Comment 6 Mathias Bynens 2016-03-30 23:27:40 PDT
(In reply to comment #5)
> (In reply to comment #2)
> > Seems like this has been implemented in Safari Technology Preview v9.1.1
> > (11601.6.10, 11602.1.25).
> > 
> > However, the implementation is buggy:
> > http://mathias.html5.org/tests/javascript/regexp/
> > 
> > The following tests fail:
> > 
> >     assert_equals(/𝌆{2}/u.test('𝌆𝌆'), true);
> >     assert_equals(/\uD834\uDF06{2}/u.test('\uD834\uDF06\uD834\uDF06'), true);
> 
> These two tests point out bug in quantified unicode regular expression
> processing.
> 
> >     assert_equals(/\W/iu.test('S'), true);
> >     assert_equals(/\W/iu.test('K'), true);
> 
> According the CharacterClassEscape pattern semantic rules specified in the
> ES6 spec section 21.2.2.12
> (https://tc39.github.io/ecma262/2016/#sec-characterclassescape) along with
> the canonicalization rules found at 21.2.2.8.2
> (https://tc39.github.io/ecma262/2016/#sec-runtime-semantics-canonicalize-ch),
> upper case ASCII 'S' and 'K' ARE word characters and therefore should fail
> with the non-word, \W, character class.

Without the `u` and `i` flags enabled, this statements is entirely correct.

> This also holds true for when the ignore case flag is provided.

This is incorrect, though. Did you read the explanation at https://mathiasbynens.be/notes/es6-unicode-regex#impact-i?

> Note that the Chrome team believes that the current Chrome canary
> (51.0.2692.0 canary) incorrectly handles these two test cases.  This Chrome
> issue is tracked in https://bugs.chromium.org/p/v8/issues/detail?id=4879.

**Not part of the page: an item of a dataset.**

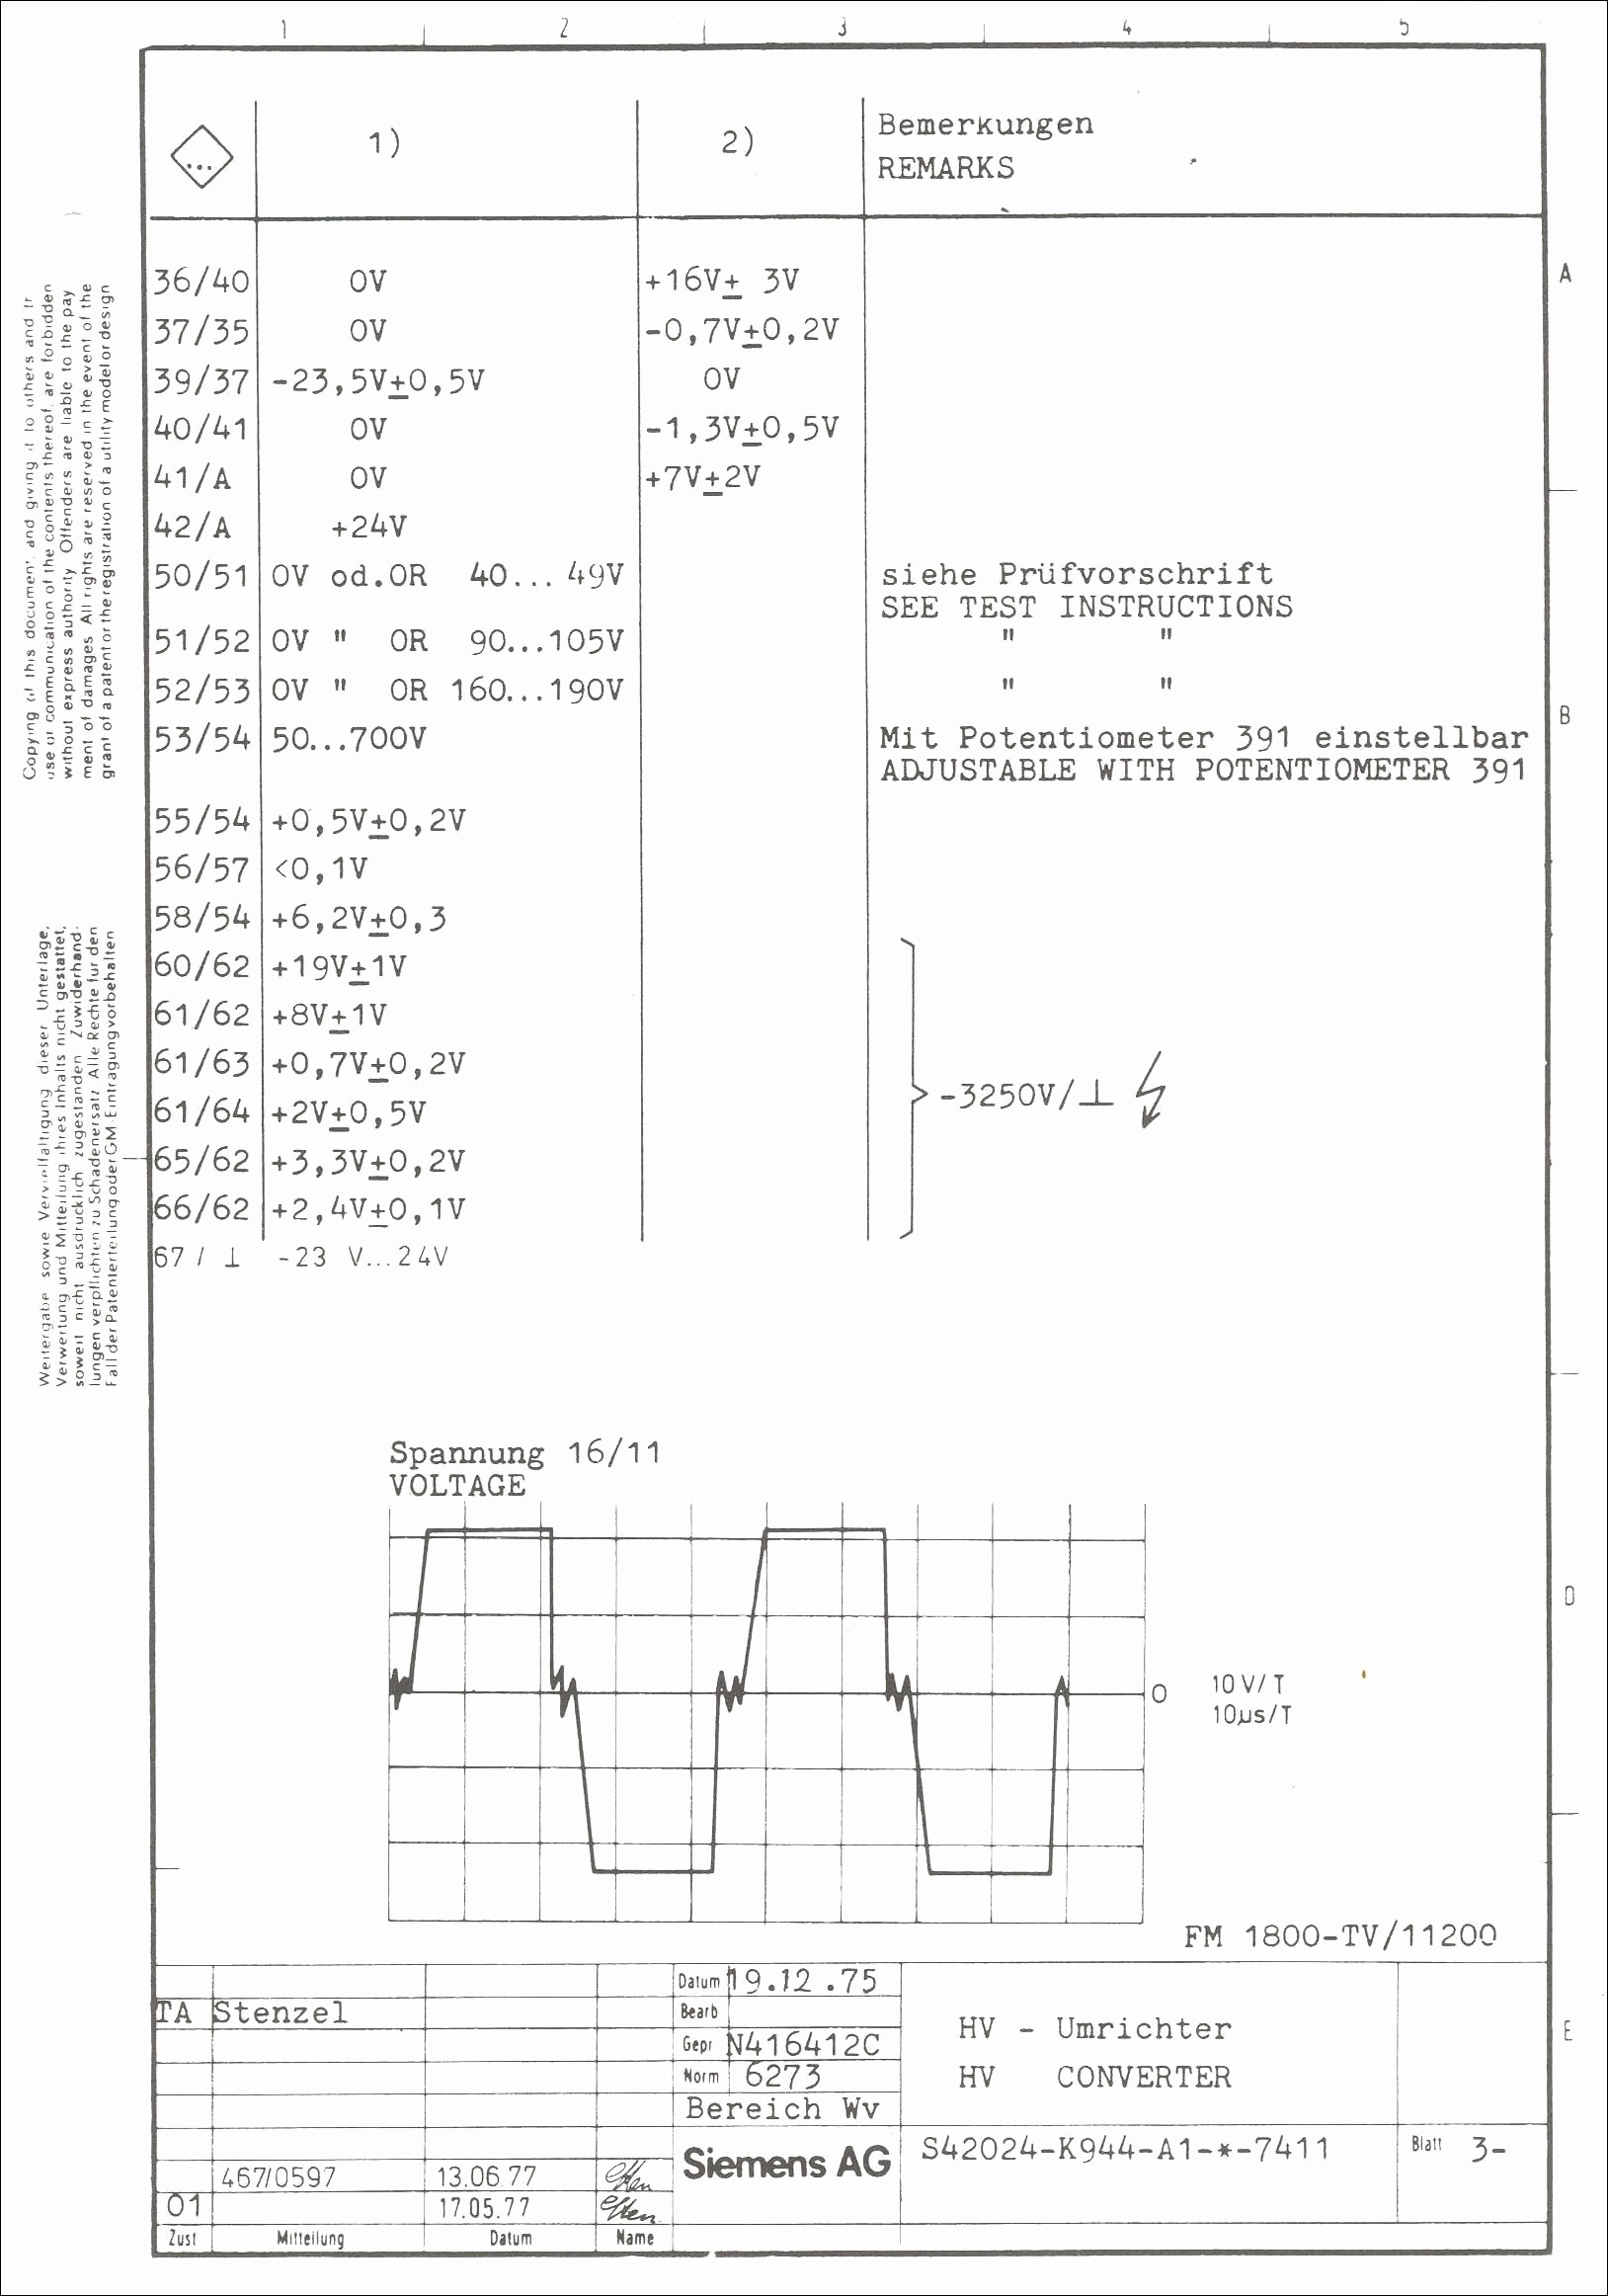 Sony Car Audio Wiring Diagram sony Xplod Car Stereo Wiring Diagram Wiring Schematics Diagram Of Sony Car Audio Wiring Diagram

No, they got it right: https://bugs.chromium.org/p/v8/issues/detail?id=4879#c3

> I created a new bug (https://bugs.webkit.org/show_bug.cgi?id=156044) to
> track just the quantified unicode RegExp test failures.

Thanks.
Comment 7 Michael Saboff 2016-04-13 14:59:10 PDT
As the standard is currently written, /\W/iu should match 's', 'k', 'S' and 'K'.  I disagree with the standard and have created a pull request to change the standard.  That request can be found at https://github.com/tc39/ecma262/pull/525.  In the mean time, I will fix the implementation.
Comment 8 Michael Saboff 2016-04-13 16:54:23 PDT
Created attachment 276366 [details]
Patch addressing \w and \W with "iu" flags
Comment 9 Geoffrey Garen 2016-04-13 16:56:08 PDT
Comment on attachment 276366 [details]
Patch addressing \w and \W with "iu" flags

r=me
Comment 10 WebKit Commit Bot 2016-04-13 17:47:32 PDT
Comment on attachment 276366 [details]
Patch addressing \w and \W with "iu" flags

Clearing flags on attachment: 276366

Committed r199523: <http://trac.webkit.org/changeset/199523>
Comment 11 WebKit Commit Bot 2016-04-13 17:47:35 PDT
All reviewed patches have been landed.  Closing bug.